И, отойдя к графину с водой, глотал ещё один порошок.

Так торжествовала генеральная линия партии. И всегда случалось, что весь здоровый коллектив, включая и тех членов, кого бичевала и уничтожала резолюция («преступно-халатное отношение к работе», «граничащее с саботажем невыполнение сроков»), – единогласно голосовал за резолюцию.

Иногда даже сходилось так, что Степанов, любящий резолюции разработанные, развёрнутые, Степанов, счастливым образом всегда заранее знающий смысл ожидаемых выступлений и окончательное мнение собрания, не успевал, однако, впопыхах, целиком составить резолюцию до собрания. Тогда после объявления председательствующего: «Слово для оглашения проекта резолюции имеет товарищ Степанов» – освобождённый секретарь вытирал пот со лба и с лысины и говорил так:

– Товарищи! Я был очень занят и поэтому в проекте резолюции не успел уточнить некоторых обстоятельств, фамилий и фактов, – или:

– Товарищи! Меня вызывали в Управление, и сегодня проекта резолюции я ещё не написал, – и в обоих случаях:

– Прошу поэтому голосовать резолюцию в целом, а завтра на досуге я её подработаю.

И марфинский коллектив оказывался настолько здоровым, что без ропота поднимал руки, так и не зная (и не узная), кого именно будут в этой резолюции поносить, кого превозносить.

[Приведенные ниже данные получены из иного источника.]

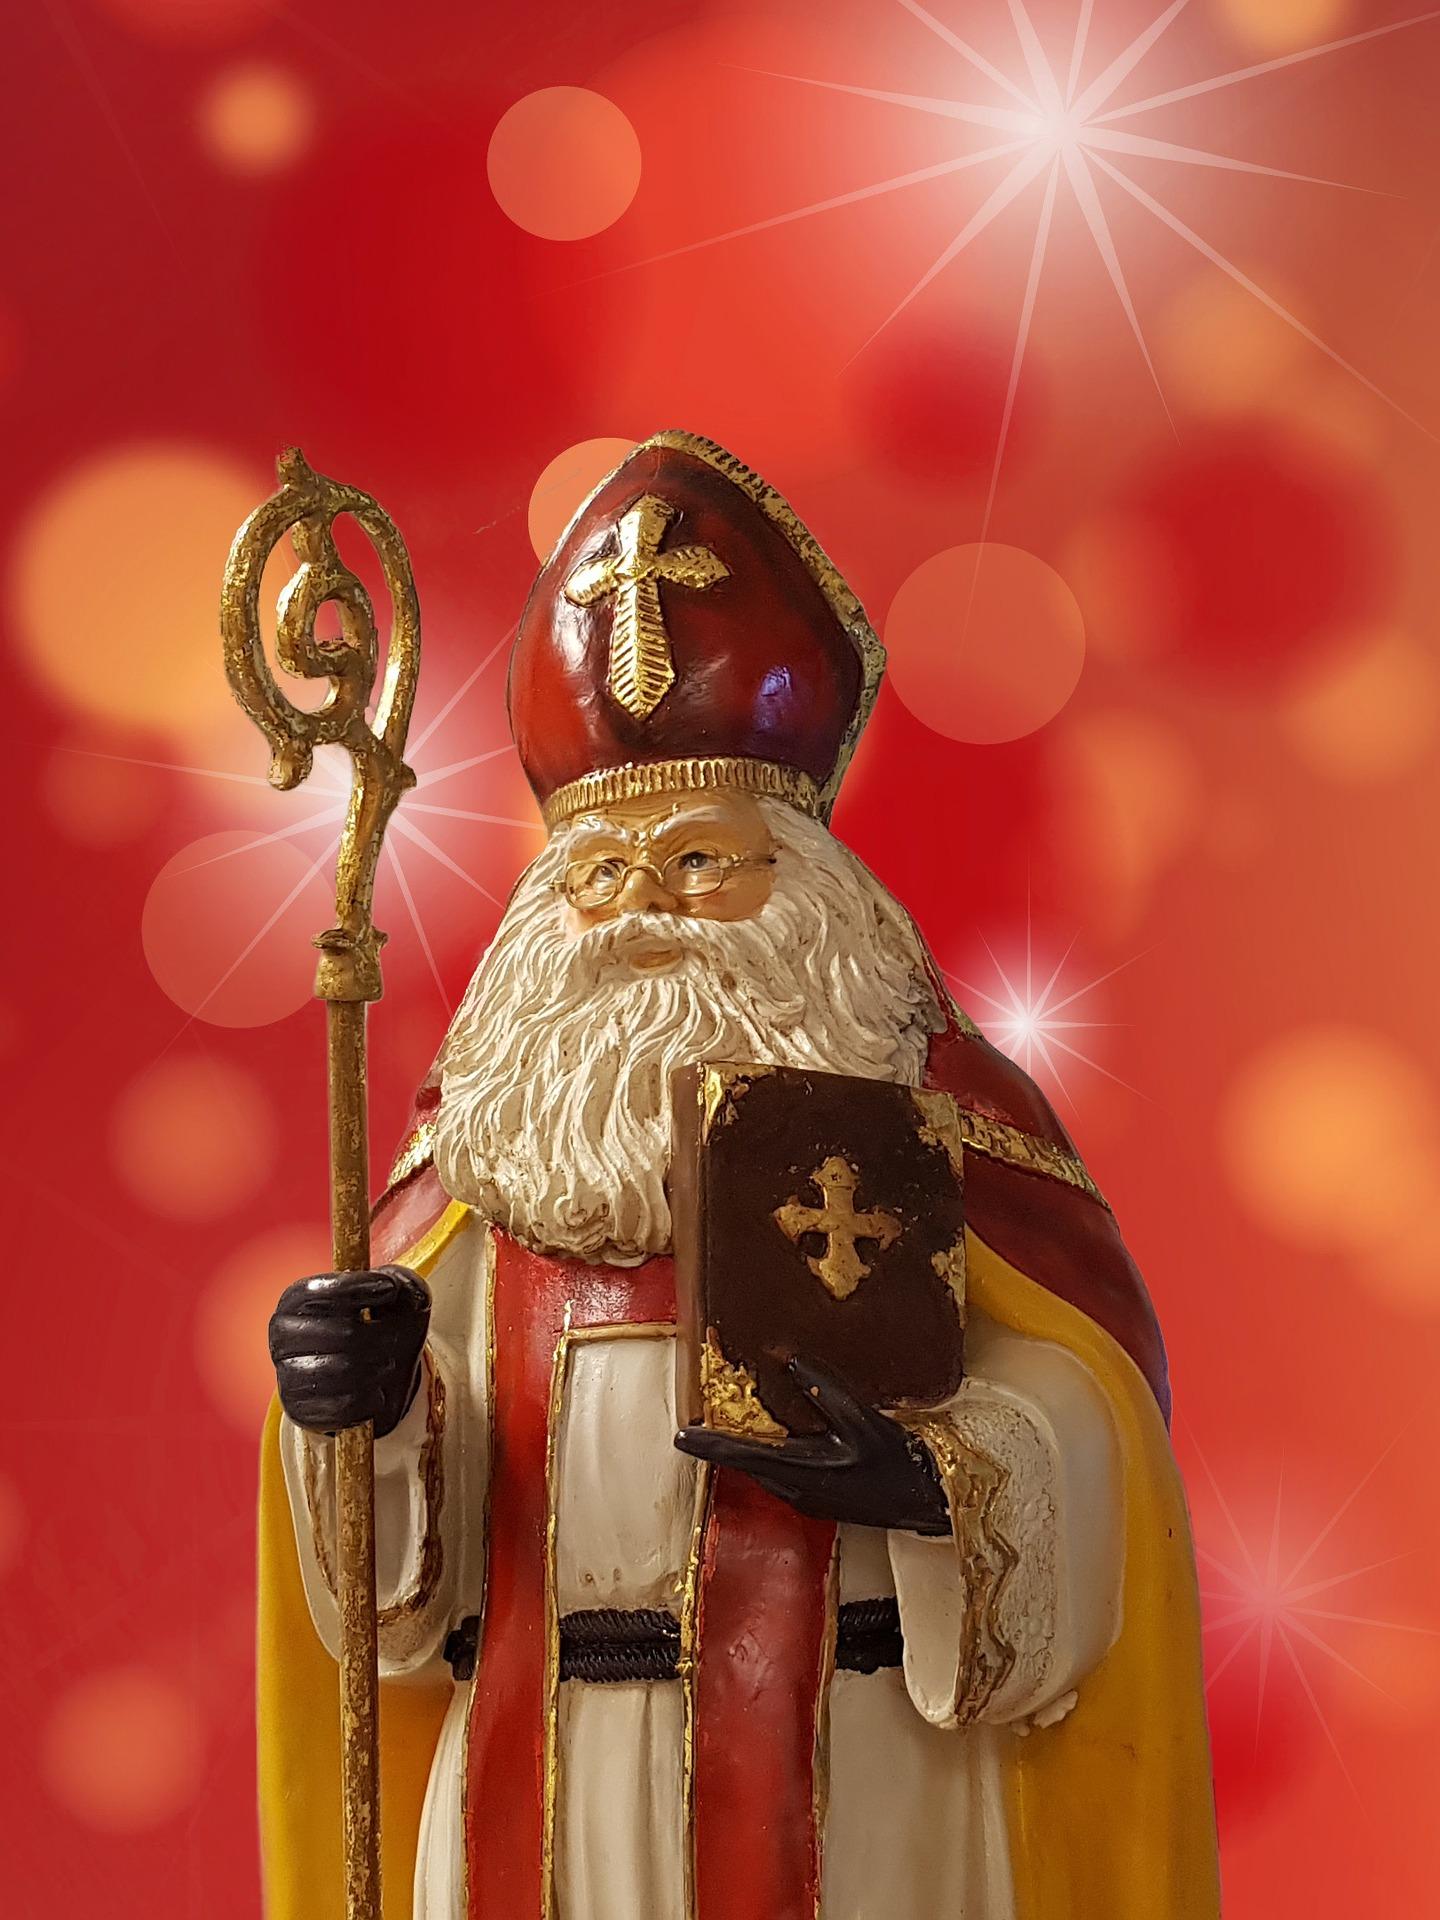 Saint Nicolas est revêtu de l'habit liturgique de l'évêque avec la mitre et la crosse -

Очень укрепляло положение нового парторга ещё и то, что он не ведал слабостей интимных отношений. Все уважительно звали его «Борис Сергеич». Принимая это как должное, он, однако, никого на всём объекте по имени-отчеству не звал и даже в азарте настольного бильярда, сукно которого неизменно зеленело в комнате парткома, восклицал:

– Выставляй шара, товарищ Шикин!

– От борта, товарищ Клыкачёв!

Вообще, Степанов не любил, чтобы люди взывали к его высшим и лучшим побуждениям. Одновременно и сам он к подобным побуждениям в людях не взывал. Поэтому, едва почувствовав в коллективе какое-то неудовольствие или сопротивление своим мероприятиям, он не разглагольствовал, не убеждал, но брал большой чистый лист бумаги, крупно писал вверху: «Предлагается нижепоименованным товарищам к такому-то сроку выполнить то-то и то-то», затем графил по форме: № по порядку, фамилия, расписка в извещении – и давал секретарше обойти с листом. Указанные товарищи читали, как угодно расплескивали своё ожесточение над белым равнодушным листом, но не могли не расписаться – а расписавшись, не могли не выполнить.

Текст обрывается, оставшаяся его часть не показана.